Thank you for your kind words. I’m watching the situation with a high level of concern, and I’m considering all options. While I hate the thought of leaving my home, I wonder what rights they will take next because this situation is getting a bit too close to “the Handmaid’s Tale” for comfort.
Do you know of the requirements to move to Canada? I’m thinking a job at the least, but have you heard about asset requirements or anything?
I also share the concern about the United States turning into a real life Handmaid’s Tale and have been interested in moving to Canada for years. My parents talked about it back in the 70’s and 80’s. I welcome any info you can provide.
It varies. There are asset requirements if you are trying to start a business, but some of the other pathways don’t have asset requirements. See: https://www.canada.ca/en/immigration-refugees-citizenship/services/immigrate-canada.html
Thank you so much, Joshua! How have you been?
I have been pretty good (supreme court decisions aside).
I feel you when it comes to SCOTUS. I wonder what they will do next.

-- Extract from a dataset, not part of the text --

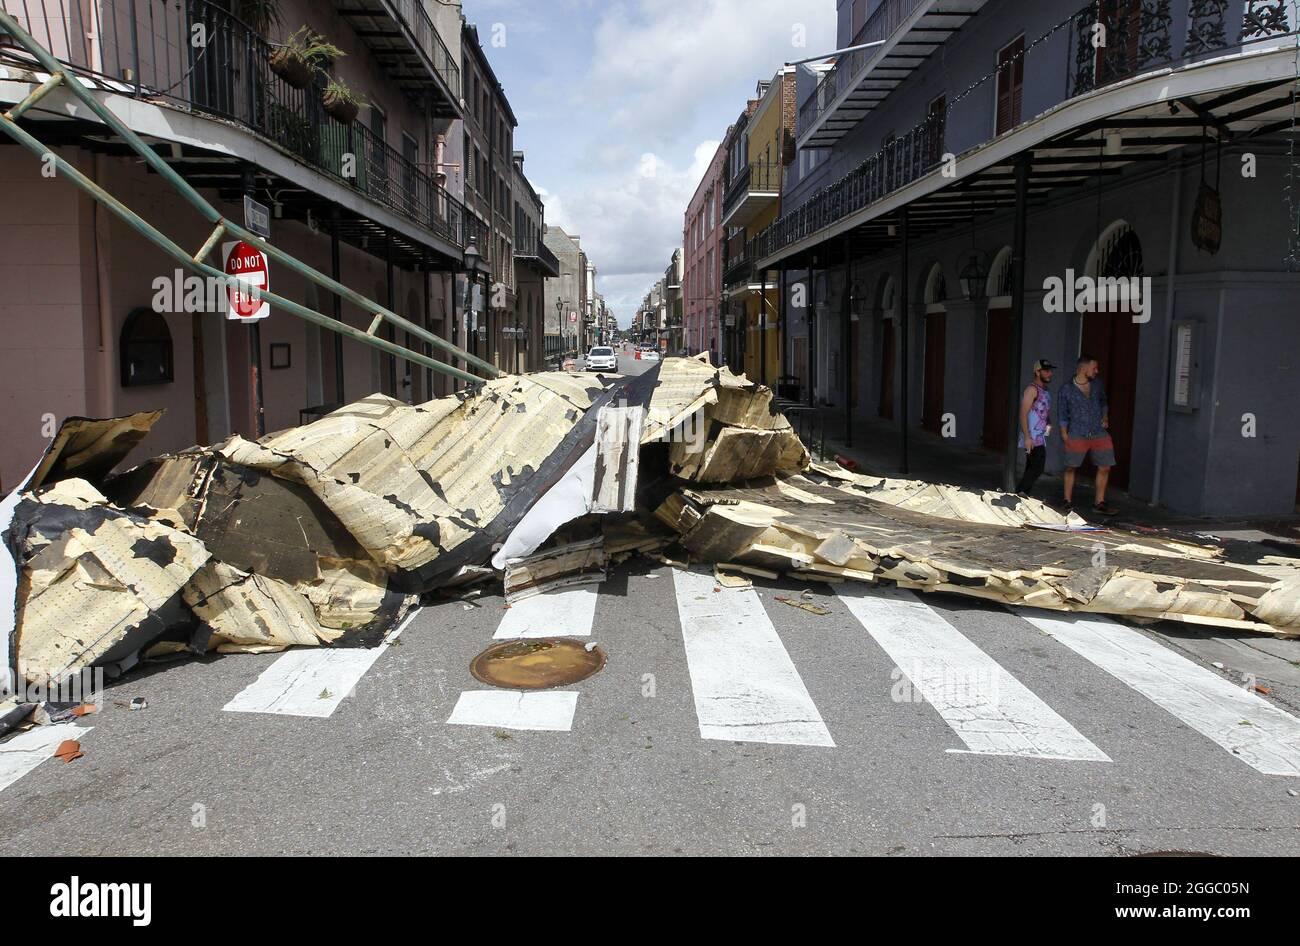 New Orleans, Usa. August 2021. Das Dach des nahegelegenen Gebäudes in der Straße im französischen Viertel von New Orleans nach dem Hurraka Ida am Montag, dem 30. August 2021. Der Strom wurde unterbrochen, als der Hurrikan am 29. August durch die Stadt stürzte, aber die Deiche hielten. Foto von AJ Sisco/UPI Credit: UPI/Alamy Live News Stockfoto
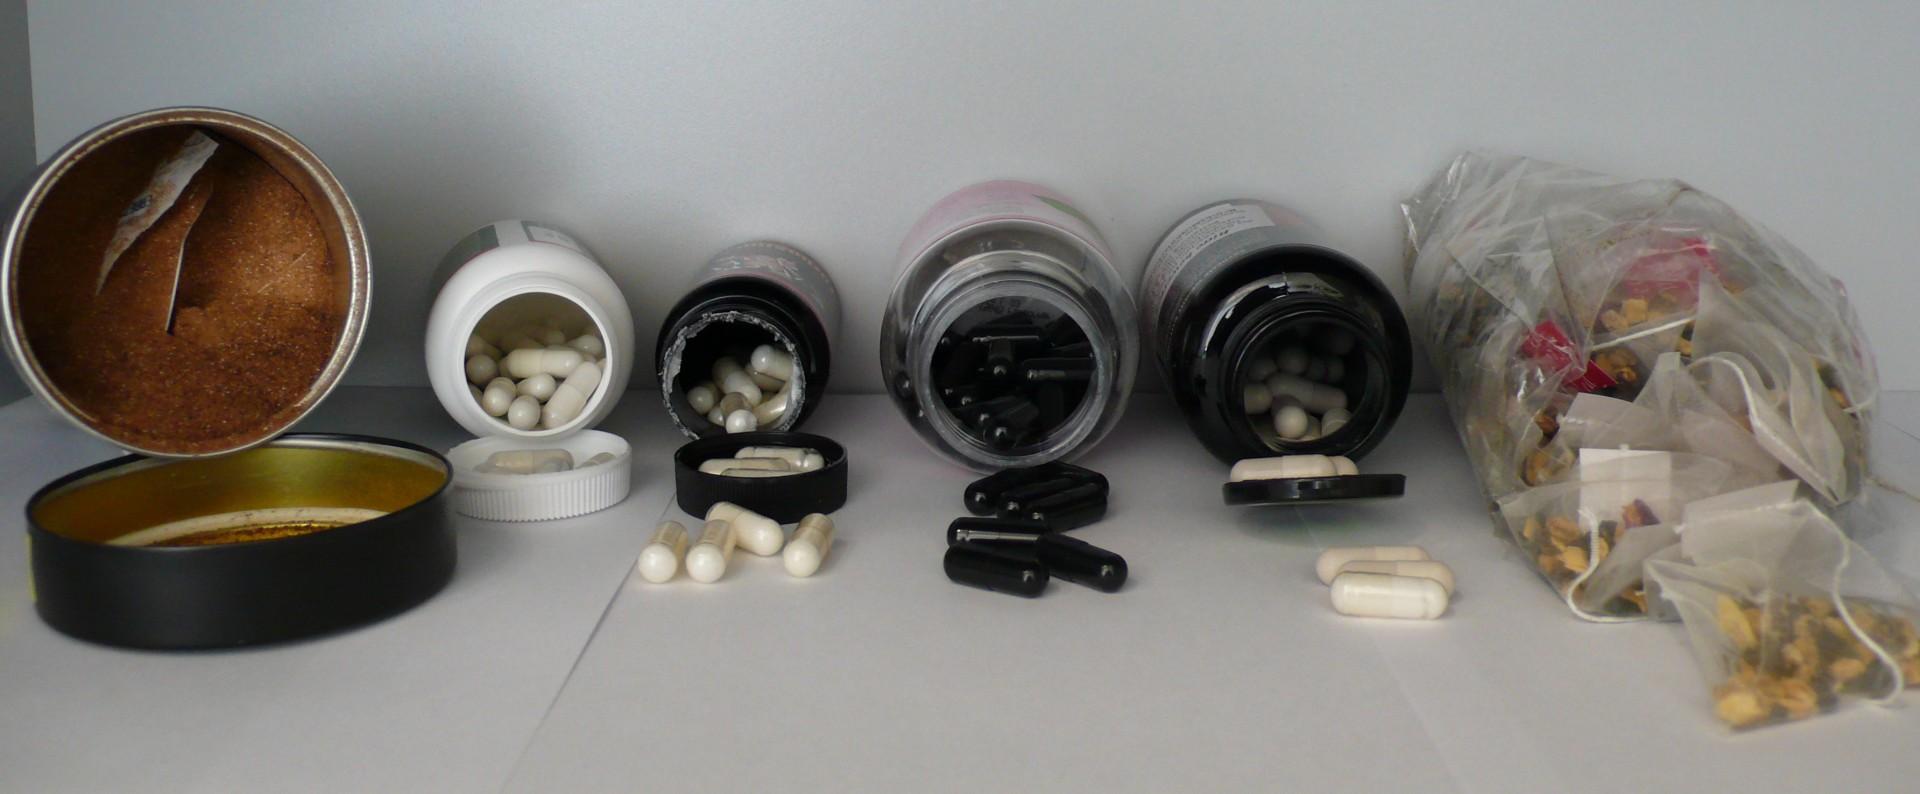 Das Bild zeigt verschiedenen offenen Verpackungen von Nahrungsergänzungsmitteln in Kapselform, sowie eine Kaffeedose mit Pulver und mehrere Teebeutel.

https://www.canada.ca/en/immigration-refugees-citizenship/services/immigrate-canada.html describes the process. Basically, you need to be at least 18, speak either English or French, and have a clean police background check.
Thank you!
While I do not agree with abortion for the most part, I believe that it is a woman’s right to choose. I also made a choice for my first born to live though it derailed my then current plans. I’m sorry to see that we are talking steps backwards.
Me too.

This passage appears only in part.